Network Security Internet Technology Development Database Servers Mobile Phone Android Software Apple Software Computer Software News IT Information

In addition to Weibo, there is also WeChat

Please pay attention

WeChat public account

Shulou

What is the data structure in Redis

2025-02-24 Update From: SLTechnology News&Howtos shulou NAV: SLTechnology News&Howtos > Database >

Share

Shulou(Shulou.com)05/31 Report--

This article mainly introduces what the data structure in Redis is, which can be used for reference by interested friends. I hope you can learn a lot after reading this article. Let's take a look at it.

In actual development, Redis will be used frequently, so how should we correctly choose the data type in the process of using it? Which data types are applicable in which scenarios. And interviewers often ask questions about Redis data structures during interviews:

Why is Redis fast?

Why is the query operation slower?

Redis Hash rehash process

Why use hash table as the index of Redis

When we analyze and understand the Redis data structure, we can choose the right data type when we use Redis and improve the performance of the system. [related recommendation: Redis video tutorial]

Redis underlying data structure

Redis is an in-memory key-value key-value database, and the key-value pair data is stored in memory, so Redis's memory-based data operation is efficient and fast.

Where Key is the String type, and the value types supported by Redis include String, List, Hash, Set, Sorted Set, BitMap, and so on. The reason why Redis can be widely applied to many business scenarios is based on its diversified types of value.

The data type of Redis's Value is based on the object system redisObject customized for Redis.

Typedef struct redisObject {/ / type unsigned type:4; / / Encoding unsigned encoding:4; / / pointer to the underlying implementation data structure void * ptr;... .. }

In addition to recording actual data, redisObject also needs additional memory space to record metadata information such as data length and space usage, which contains 8-byte metadata and an 8-byte pointer pointing to the location of the actual data of a specific data type:

Among them, the pointer points to the location of the data stored in the underlying data structure based on Redis, and the underlying data structure of Redis: SDS, two-way linked list, jump table, hash table, compressed list, integer set.

So how is the underlying data structure of Redis implemented?

Implementation of Redis underlying data structure

Let's first look at Redis's relatively simple SDS, two-way linked list, set of integers.

SDS, two-way linked lists, and integer sets

SDS, use the len field to record the number of bytes used, reduce the complexity of getting string length to O (1), and SDS is lazy to free space, you free the space, the system records the data and you can use it directly next time you want to use it. You don't have to apply for new space.

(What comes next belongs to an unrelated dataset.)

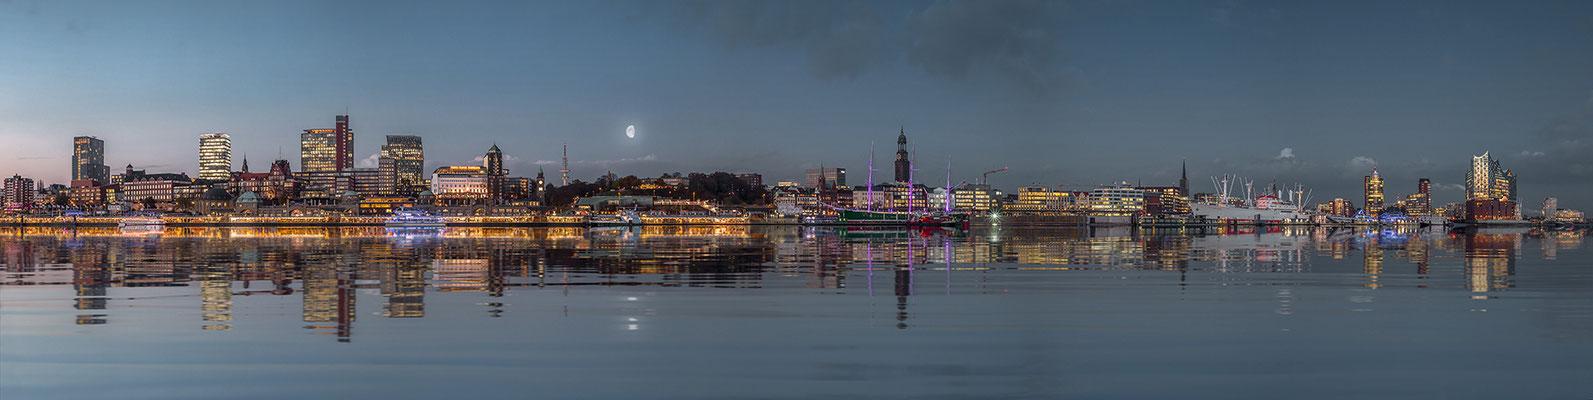 Blick auf Skyline Hamburg · 280 x 70 cm · Leinwand auf Keilrahmen: € 1.390,- ·  Aludibond: € 1.760,-  · Acrylglas auf Aludibond: € 2.190,-  · © Stefan Korff

A collection of integers, which allocates a continuous address space in memory, and data elements are stored next to each other without additional pointers. It is characterized by compact memory, high efficiency of O (1) query complexity and O (N) complexity of other operations.

Two-way linked lists, which can be discontiguous, non-sequential space in memory, concatenate the order between elements through additional pointer overhead.

Its characteristic is that the complexity of inserting / updating data is O (1), the efficiency is high and the query complexity is O (N).

Hash hash table

A hash table is actually similar to an array. Each element of the array is called a hash bucket. Key-value pairs of data are stored in each hash bucket, and the elements in the hash bucket use dictEntry structure.

Therefore, the hash bucket element does not store the key-value pair itself, but a pointer to the specific value, so saving each key-value pair will incur additional space overhead of at least 24 bytes, especially for key-value pairs where Value is String, each key-value pair requires an additional 24 bytes of space. When the saved data is small and the extra cost is greater than the data, consider changing the data structure in order to save space.

Let's take a look at the full picture of the global hash table:

Although hash table operations are fast, when Redis data becomes larger, there is a potential risk: hash table conflicts and rehash overhead problems, which explains why hash table operations are slower?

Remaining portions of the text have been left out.